To this, [PITC] argues that RA 6758
which is a law of general application cannot repeal provisions of the Revised
Charter of PITC and its amendatory laws expressly exempting PITC from OCPC
coverage being special laws x x x x In the case at bar, the repeal by Section
16 of RA 6758 of “all corporate charters that exempt agencies from the coverage
of the System” was clear and expressed necessarily to achieve the purposes for
which the law was enacted, that is, the standardization of salaries of all
employees in government owned and / or controlled corporations to achieve “equal
pay for substantially equal work.” Henceforth, PITC should now be considered as
covered by laws prescribing a compensation and position classification system
in the government including RA 6758. This is without prejudice, however, as
discussed above, to the non-diminution of pay of incumbents as of July 1, 1989
as provided in Sections 12 and 17 of said law.
So we also rule in the instant case involving the charter of the SSS or RA
1161 as amended.
The enactment of
RA 8282 entitled “The Social Security Act of 1997” does not
change our holding. While it is true that Sec. 3, par. (c), of RA 8282 expressly
exempted the SSS from the provisions of RA 6758 and RA 7430 (The
Attrition Law of 1992) thus -
The Commission, upon the
recommendation of the SSS President, shall appoint an actuary and such other
personnel as may be deemed necessary; fix their reasonable compensation,
allowances and other benefits x x x x [t]hat the personnel of the SSS shall be
selected only from civil service eligibles and be subject to civil service
rules and regulations: Provided, finally, That the SSS shall be exempt from the
provisions of Republic Act No. 6758 and Republic Act No. 7430,
it bears emphasis that RA 8282 took effect only on 23 May 1997,
i.e., fifteen (15) days after its complete publication in two (2) newspapers of
general circulation on 7 May 1997[35] and 8 May
1997.[36] It holds
to reason that the prospective application of the statute renders irrelevant to
the case at bar whatever effects this exemption may have on the power of the
SSC to fix the compensation of SSS personnel. Ironically, RA 8282 in
fact buttresses our ruling that the signing bonus cannot escape the provisions
of RA 6758. The need to expressly stipulate the exemption of the SSS can
only mean that prior to the effectivity of RA 8282, the SSS was subject
to RA 6758 and even RA 7430 for, otherwise, there would have been
no reason to rope in such provision in RA 8282.
This Court has
been very consistent in characterizing the funds being administered by SSS as a
trust fund for the welfare and benefit of workers and employees in the private
sector.[37] In United
Christian Missionary v.
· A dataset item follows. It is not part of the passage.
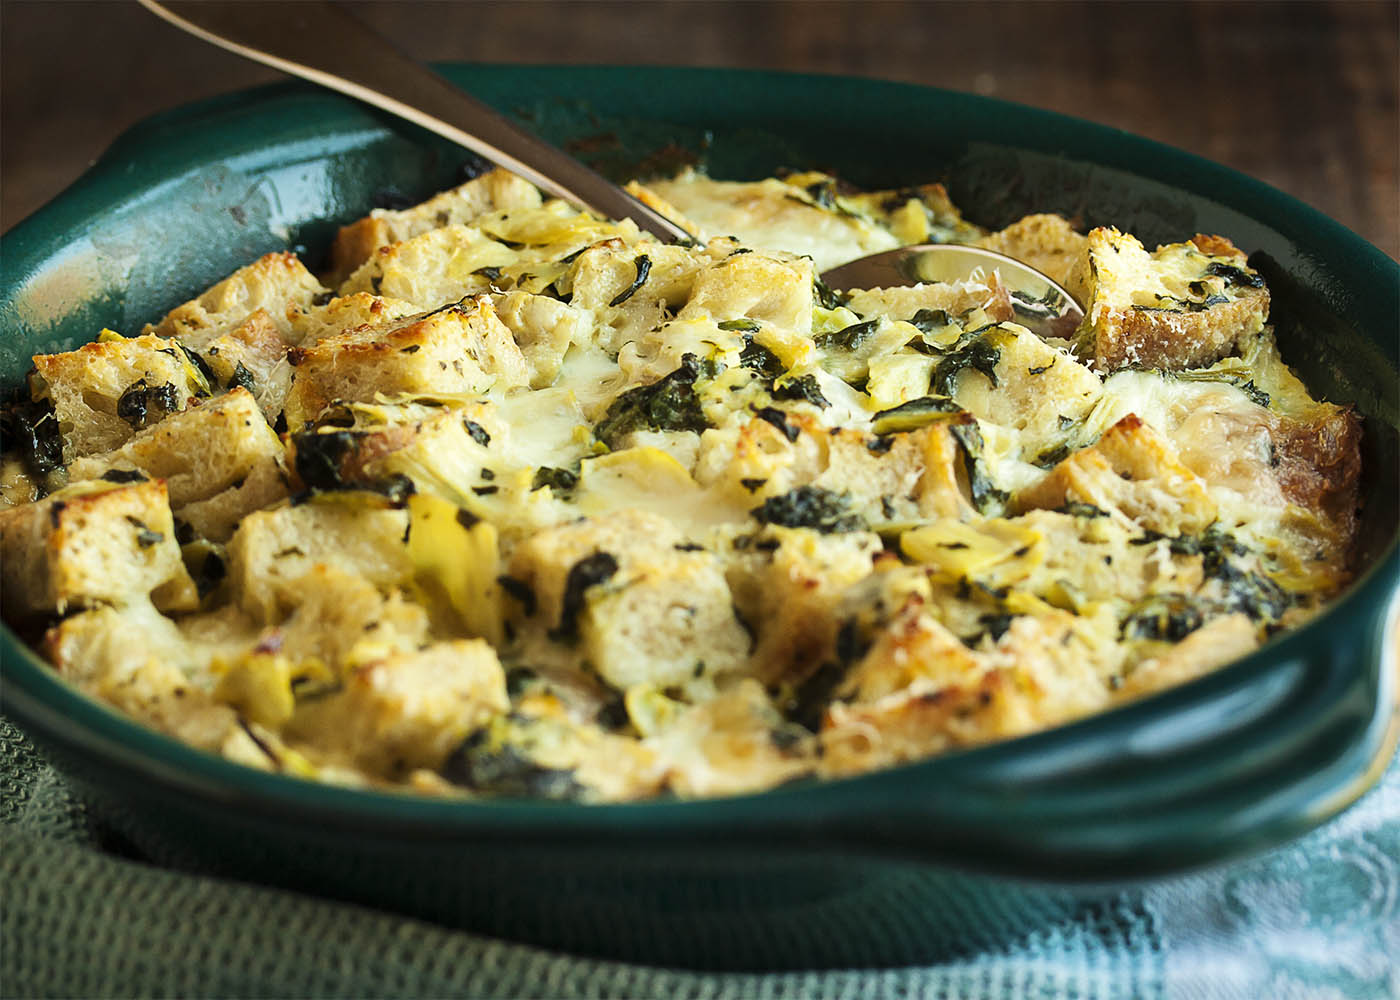 Spinach Artichoke Bread Pudding - This creamy, cheesy bread pudding full of diced artichokes and chopped spinach is the perfect way to use up that stale bread in your cupboard and turn it into a yummy, flavor-packed side dish. | justalittlebitofbacon.com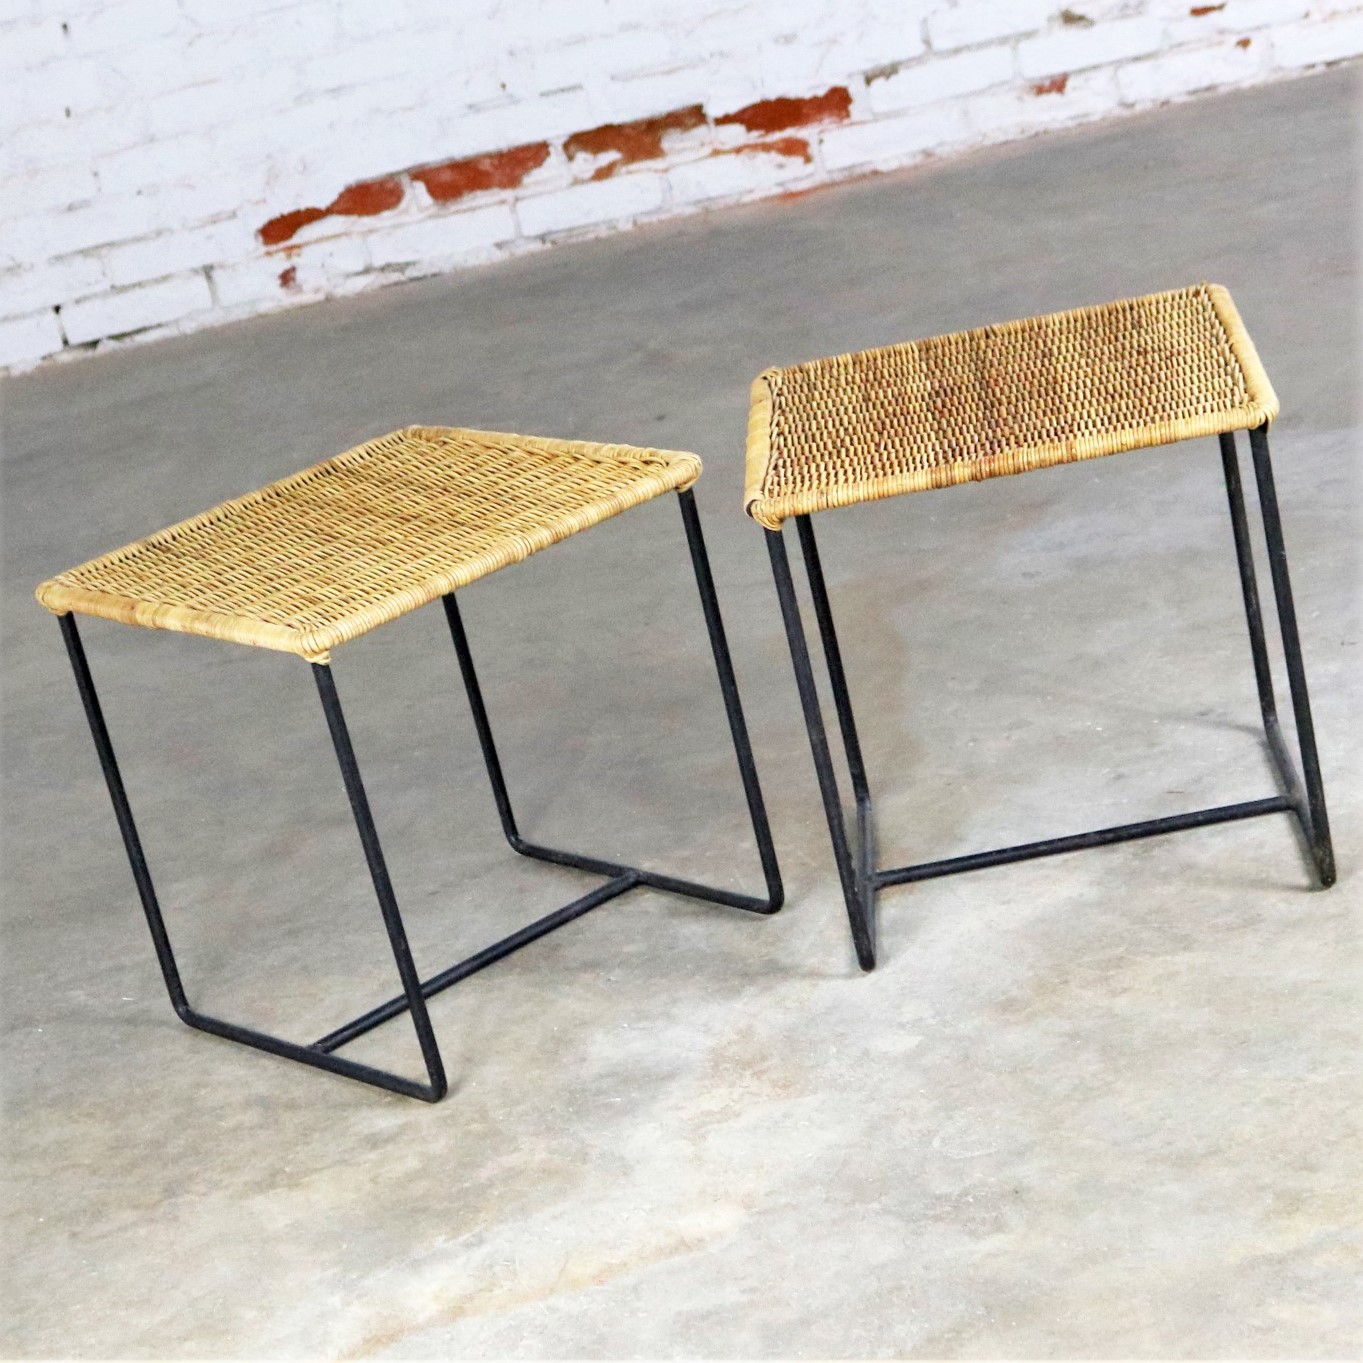 Calif-Asia Style Wrought Iron and Rattan Side Tables Mid Century Modern, a Pair

Social Security Commission[38] we were
unequivocal in declaring the funds contributed to the Social Security System by
compulsion of law as funds belonging to the members which were merely held in
trust by the government, and resolutely imposed the duty upon the trustee to
desist from any and all acts which would diminish the property rights of owners
and beneficiaries of the trust fund. Consistent with this declaration, it would
indeed be very reasonable to construe the authority of the SSC to provide for
the compensation of SSS personnel in accordance with the established rules
governing the remuneration of trustees -
x x x x the modern rule is to give
the trustee a reasonable remuneration for his skill and industry x x x x In
deciding what is a reasonable compensation for a trustee the court will
consider the amount of income and capital received and disbursed, the pay
customarily given to agents or servants for similar work, the success or
failure of the work of the trustee, any unusual skill which the trustee had and
used, the amount of risk and responsibility, the time consumed, the character
of the work done (whether routine or of unusual difficulty) and any other
factors which prove the worth of the trustee’s services to the cestuis x x x x
The court has power to make extraordinary compensation allowances, but will not
do so unless the trustee can prove that he has performed work beyond the ordinary
duties of his office and has engaged in especially arduous work.[39]
On the basis of
the foregoing pronouncement, we do not find the signing bonus to be a truly
reasonable compensation. The gratuity was of course the SSC’s gesture of good
will and benevolence for the conclusion of collective negotiations between SSC
and ACCESS, as the CNA would itself state, but for what objective? Agitation
and propaganda which are so commonly practiced in private sector
labor-management relations have no place in the bureaucracy and that only a
peaceful collective negotiation which is concluded within a reasonable time
must be the standard for interaction in the public sector. This desired conduct
among civil servants should not come, we must stress, with a price tag which is
what the signing bonus appears to be.
WHEREFORE, the instant Petition for
Certiorari under Rule 64, 1997 Rules of Civil Procedure, is
DISMISSED. The Decision No. 2001-123 of the Commission on Audit and the Notice
of Disallowance No. 97-002-0101 (96) of the Social Security System
Corporate Auditor prohibiting the payment of P5,000.00 signing bonus to
each employee and officer of the Social Security System as stipulated in Art.
XIII of the Collective Negotiation Agreement and as approved in Resolution No.
593 of the Social Security Commission are AFFIRMED. No pronouncement as to
costs.
SO ORDERED.
Davide, Jr.,
C.J., Puno, Vitug, Kapunan, Mendoza, Panganiban, Quisumbing, Ynares-Santiago,
Sandoval-Gutierrez, Carpio, Austria-Martinez, and Corona, JJ., concur.
[1] Rollo, pp.
15-22.
[2] Id., p.20.
[3] Id., p.
23.
[4] Id., pp.
25-26.
[5] The notice of disallowance was designated as ND No.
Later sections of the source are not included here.